**RECORDED INFORMATION**:
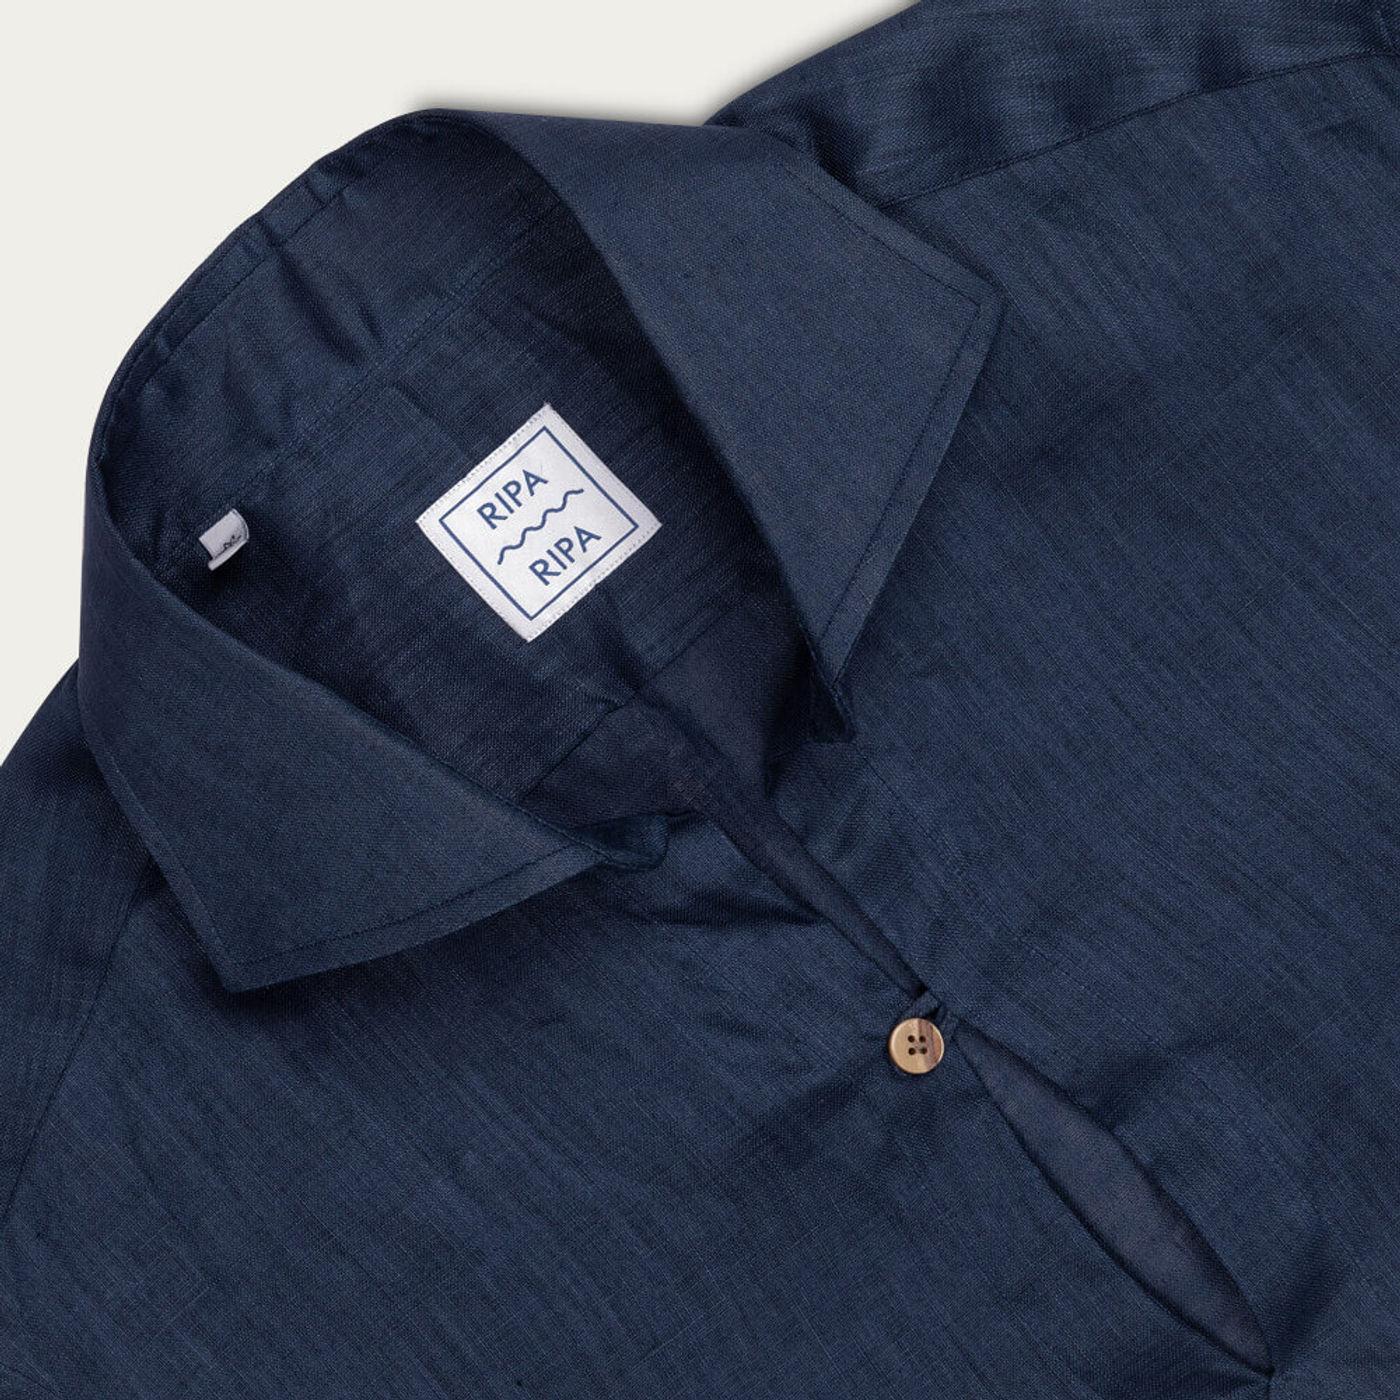 Camicia Capri Blu Notte Shirt   Bombinate
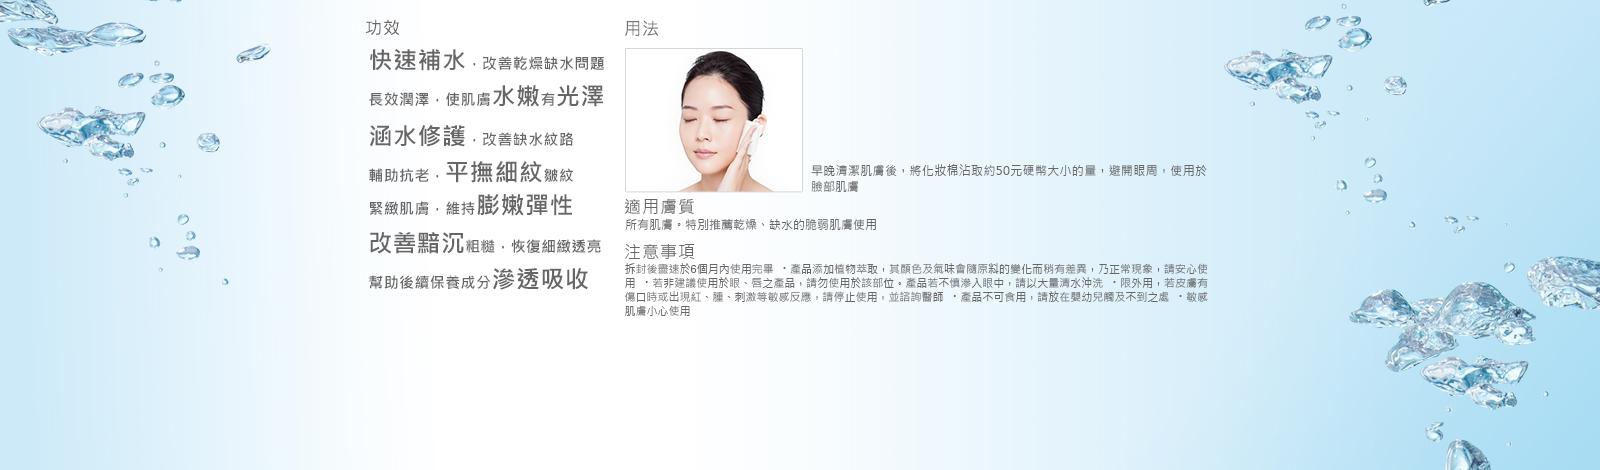 web-1000-0004.jpg
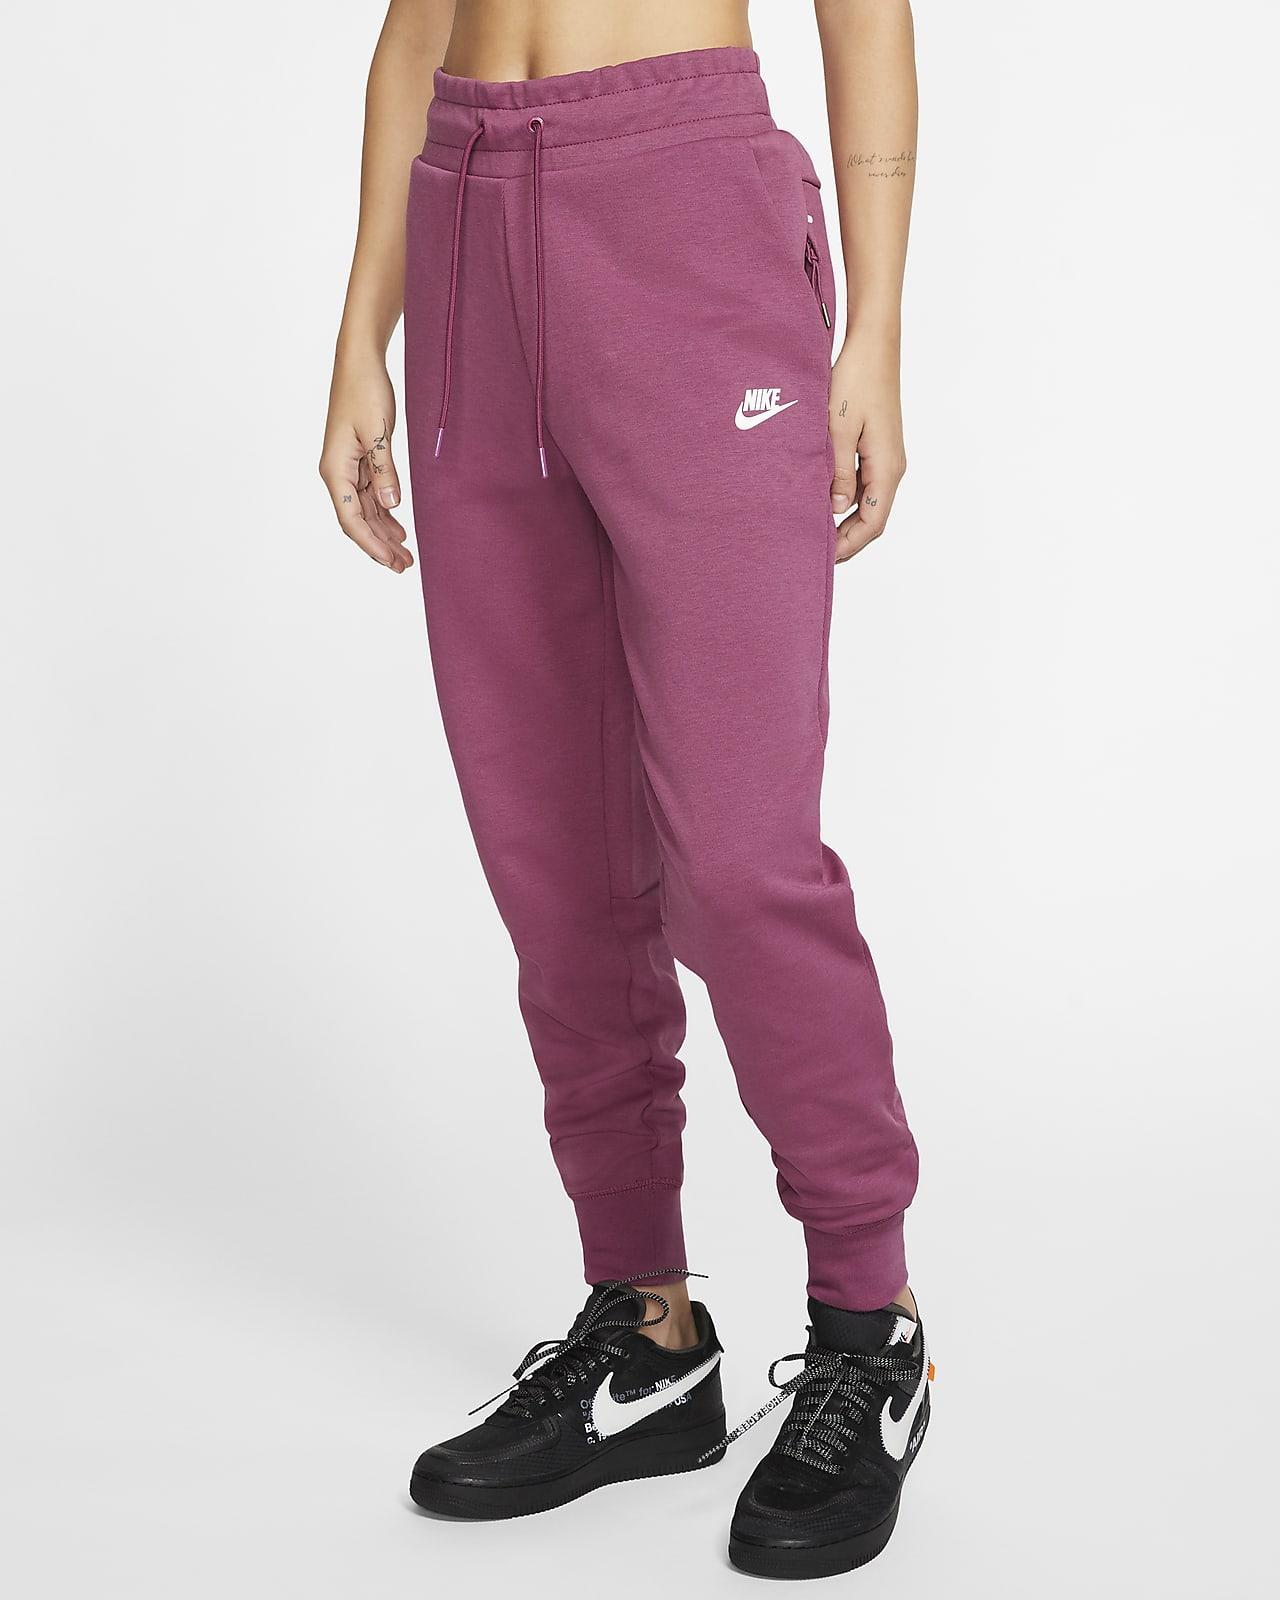 Pantalon Nike Tech Fleece Mujer 50 Descuento Bosca Ec

**PROBLEM TO SOLVE**: Where the material contains pictures, leave them out and copy the rest verbatim.

**SOLUTION TO THE EXERCISE**:
 Camicia Capri Blu Notte Shirt   Bombinate
 web-1000-0004.jpg
 Pantalon Nike Tech Fleece Mujer 50 Descuento Bosca Ec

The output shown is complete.